The mystery presented by c-src deepened with the discovery that the gene not only is present in normal cells but also is active in them, that is, the gene is transcribed into messenger RNA and the RNA is translated into protein. Molecular hybridization with Stehelin’s radioactive copy of v-src brought the RNA to view first, in both avian and mammalian cells. The protein was more elusive, mainly because it is synthesized in very small quantities in most cells. Success came when we and others probed for the cellular protein with antibodies prepared originally for the pursuit of the viral transforming protein, pp60v-src. The cellular protein isolated with the aid of these antibodies proved to be virtually indistinguishable from the viral protein, and it was therefore named pp60c-src. The two proteins are similar in size and chemical structure; both catalyze the phosphorylation of tyrosine and both are tightly bound to the plasma membrane of cells (transformed cells in the case of pp60v-src, normal cells in the case of pp60c-src). It is as if the two proteins were designed for the same purpose, even though one is a viral protein that causes cancer and the other is a protein of normal cells.
Cellular Oncogenes
The findings with respect to src were the first hint of a generalization whose extent and significance have yet to be established. Of 17 retrovirus oncogenes identified to date, 16 are known to have close relatives in the normal genomes of vertebrate species. Most of these cellular relatives of viral oncogenes obey the principles first deduced for c-src. They have the structural organization of cellular genes rather than of viral genes; they seem to have survived long periods of evolution, and they are active in normal cells. To account for these facts and for the remarkable similarity between retrovirus oncogenes and their normal cellular kin most virologists have settled on the idea that retrovirus oncogenes are copies of cellular genes. It appears the oncogenes were added to preexistent retrovirus genomes at some time in the not too distant past. How and why retroviruses have copied cellular genes is not known, but there is reason to think the copying continues today, and it may even be possible to recapitulate the process in the laboratory.
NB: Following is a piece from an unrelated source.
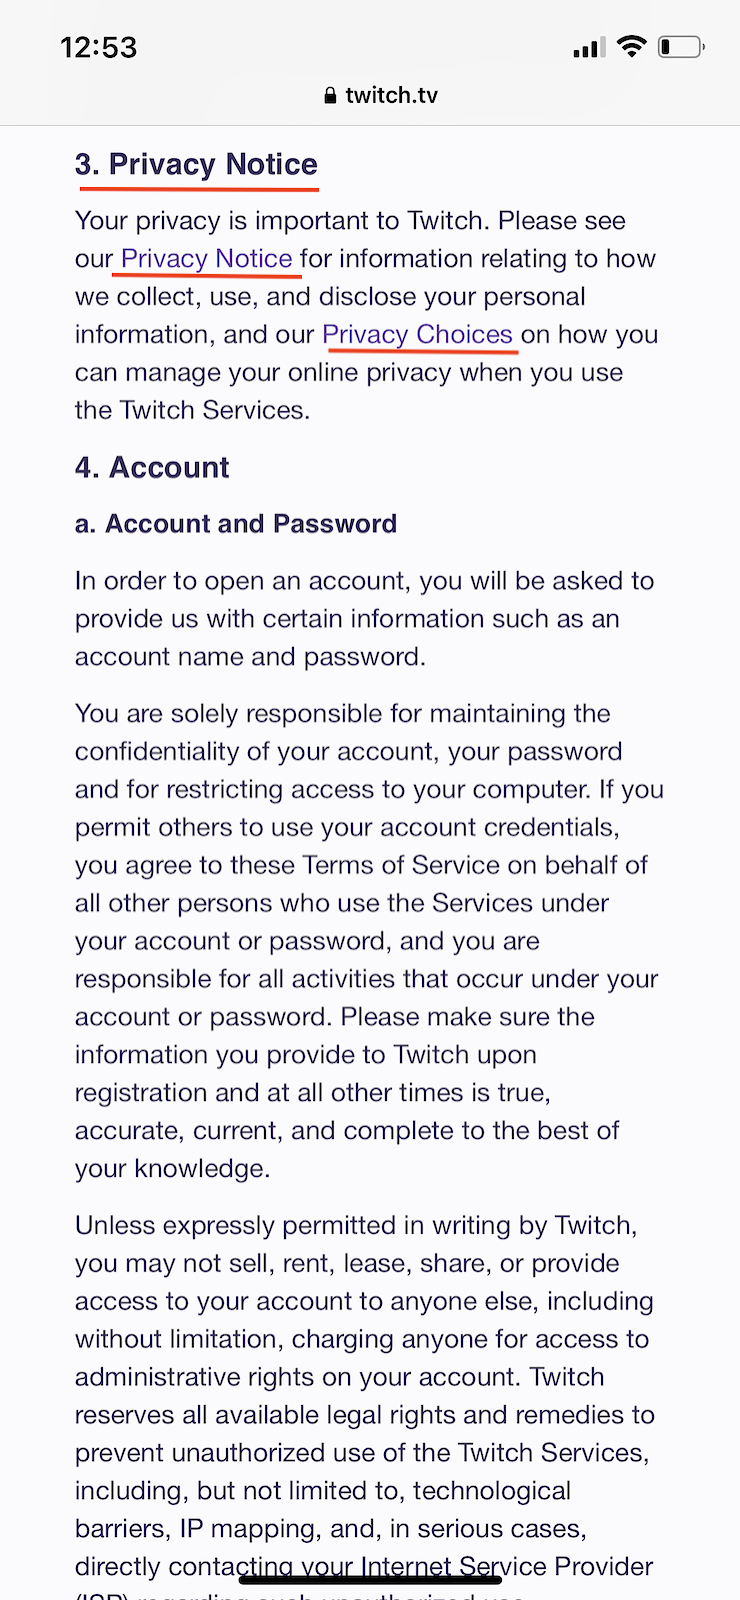 Twitch-link-privacy-policy-app-terms-and-conditions-agreement

The vertebrate genes from which retrovirus oncogenes apparently arose were at first called proto-oncogenes, to emphasize their evolutionary significance and to avoid implying that the cellular genes themselves have oncogenic potential. Now it is clear that they do have such potential. They are cellular oncogenes. The investigations that justify this designation began with this question: If retrovirus oncogenes are merely copies of genes found in normal cells, how can one account for the devastating effects of the viral genes on infected cells? Two explanations have been offered. The mutational hypothesis proposes that viral oncogenes differ from their cellular progenitors in subtle but important ways as a result of mutations introduced when the cellular genes were copied into the retrovirus genome. For example, the apparently similar enzymatic activities of pp60v-src and pp60c-src might actually have different targets in the cell and might therefore have very different effects on cellular behavior. The alternative dosage hypothesis suggests that retrovirus oncogenes act by brute force, overburdening cells with too much of what are essentially normal proteins carrying out normal functions. In this view the genesis of cancer by retrovirus oncogenes is related to the amount of the viral proteins rather than to any unique properties they have.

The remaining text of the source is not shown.